Aphaltene precipitation during primary depletion

In normal pressure depletion, reservoirs that experience asphaltene precipitation usually have the following characteristics[1]:

  • Fluid in place is light to medium oil with small asphaltene content.
  • Initial reservoir pressure is much larger than the saturation pressure. That is, the fluid is highly undersaturated.
  • Maximum precipitation occurs around the saturation pressure.

Heavier crudes that contain a larger amount of asphaltene have very few asphaltene precipitation problems because they can dissolve more asphaltene. Leontaritis and Mansoori[2] and Kokal and Sayegh[3] compiled field cases with asphaltene precipitation problems during primary depletion. Extreme cases include the Venezuelan Boscan crude with 17 wt% asphaltene produced nearly without precipitation, whereas the Venezuelan Mata-Acema crude with 0.4 to 9.8 wt% asphaltene and the Algerian Hassi Messaoud crude with 0.062 wt% encountered serious precipitation problems during production.

Asphaltene precipitation during IOR gas injection

The injection of hydrocarbon gases or carbon dioxide (CO2) for IOR promotes asphaltene precipitation. Numerous field reports and laboratory studies on this phenomenon have been published.[3][4][5][6][7][8][9][10][11] Although it frequently manifests itself at the production wellbore at solvent breakthrough, precipitation can occur anywhere in the reservoir.

Asphaltene precipitation also may occur during solvent injection into heavy oil reservoirs.[12] Butler and Mokrys[13] proposed an in-situ solvent-extraction process for heavy oils and tar sands called VAPEX. This process uses two horizontal wells (one injector and one producer). The injection of solvent (e.g., propane) creates a solvent chamber in which oil is mobilized and drained toward the producer. In addition to the mobilization process, the solvent may induce asphaltene precipitation, which provides an in-situ upgrading of the oil.

Asphaltene precipitation and deposition

Asphaltene characteristics discusses the chemistry of asphaltenes and Thermodynamic models for asphaltene precipitation discusses the thermodynamic equilibrium of asphaltenes in petroleum fluids. Changes in pressure, temperature, and composition may alter the initial equilibrium state and cause asphaltene precipitation.

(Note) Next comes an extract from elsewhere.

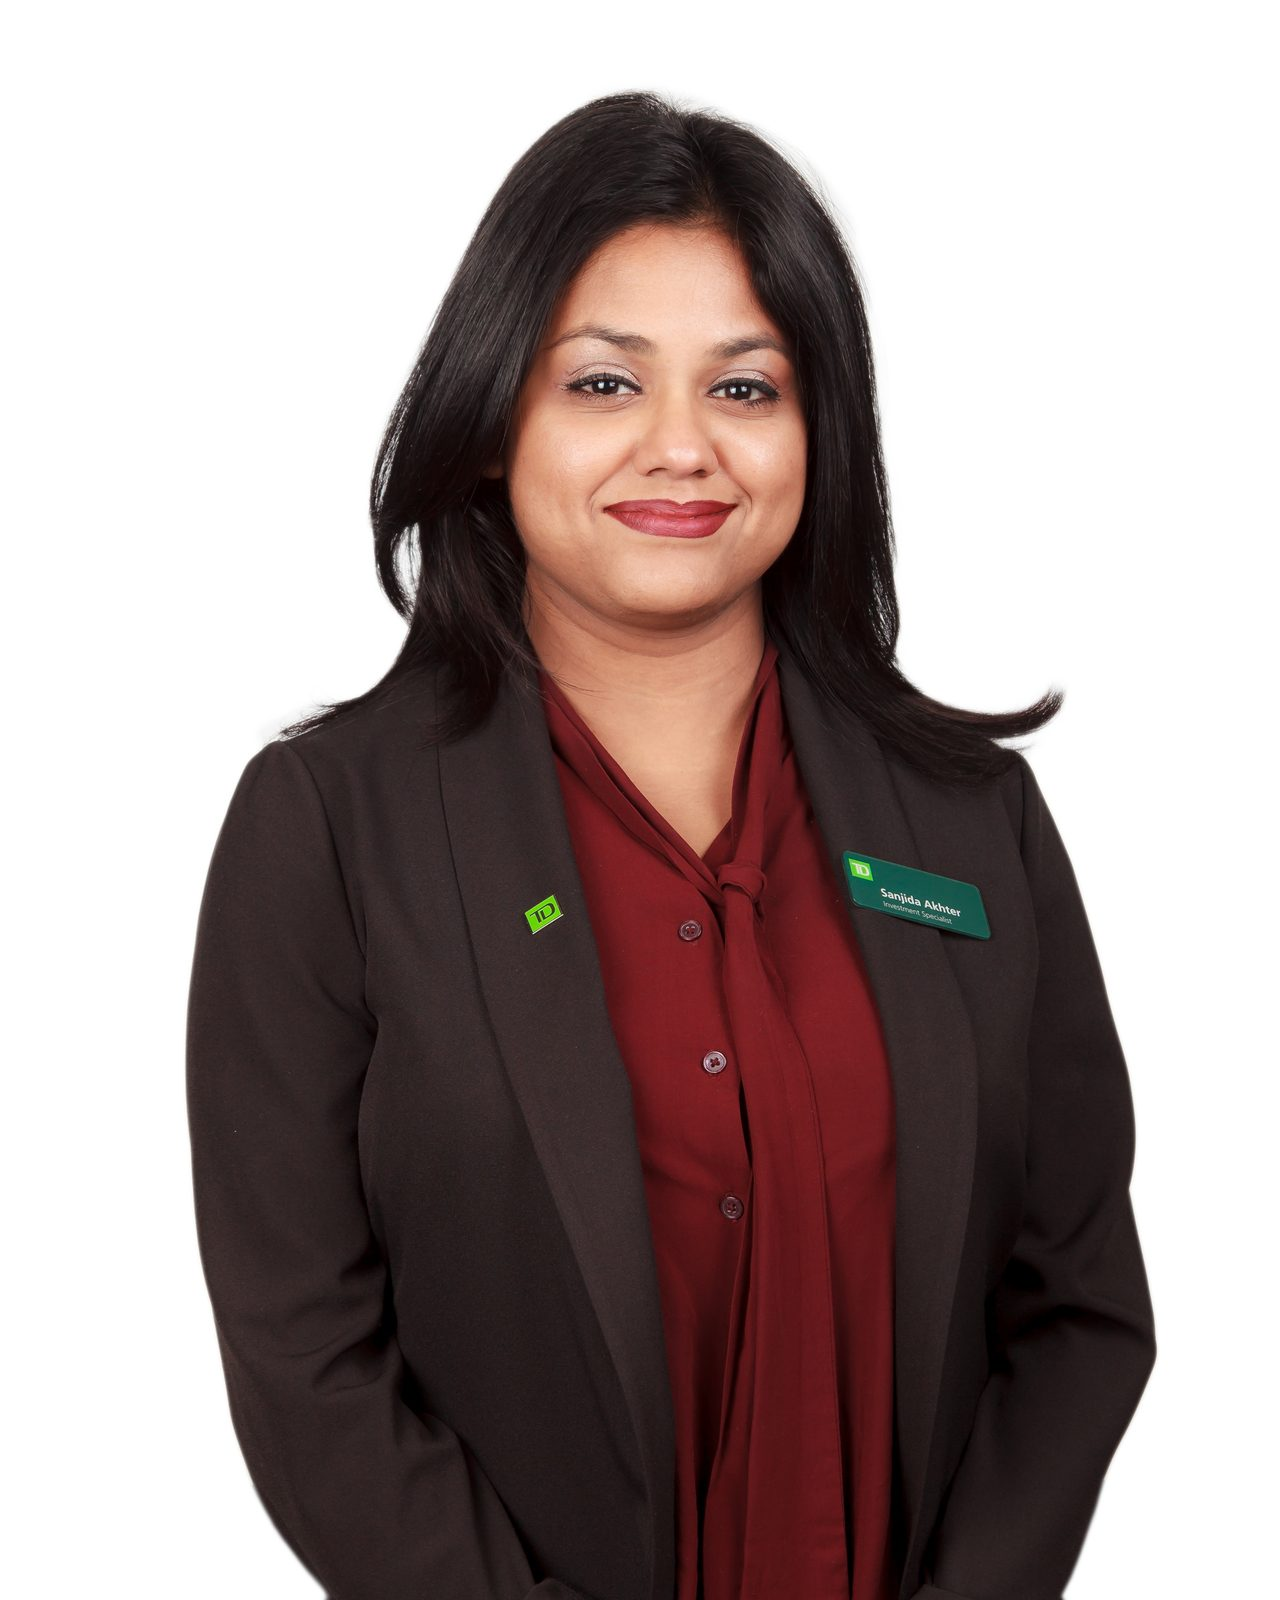 Sanjida Akhter - TD Investment Specialist

The region in which precipitation occurs is bounded by the asphaltene precipitation envelope (APE). [Also sometimes called the asphaltene deposition envelope (ADE).] Fig. 1 shows a typical pressure composition APE and a pressure temperature APE.[14][15] For purposes of this page, precipitation refers to the formation of the asphaltene precipitate as a result of thermodynamic equilibrium and deposition refers to the settling of the precipitated asphaltene onto the rock surface in a porous medium. The onset conditions correspond to points on the APE. Within the APE, the amount of precipitated asphaltene increases as pressure decreases from the upper onset pressure to the saturation pressure of the oil. The precipitation reaches a maximum value at the saturation pressure and decreases as pressure decreases below the saturation pressure.

Inside the reservoir, after precipitation has occurred, the asphaltene precipitate can remain in suspension and flow within the oil phase or can deposit onto the rock surface. The main deposition mechanisms are adsorption and mechanical entrapment. The deposited asphaltene may plug the formation and alter rock wettability from water-wet to oil-wet.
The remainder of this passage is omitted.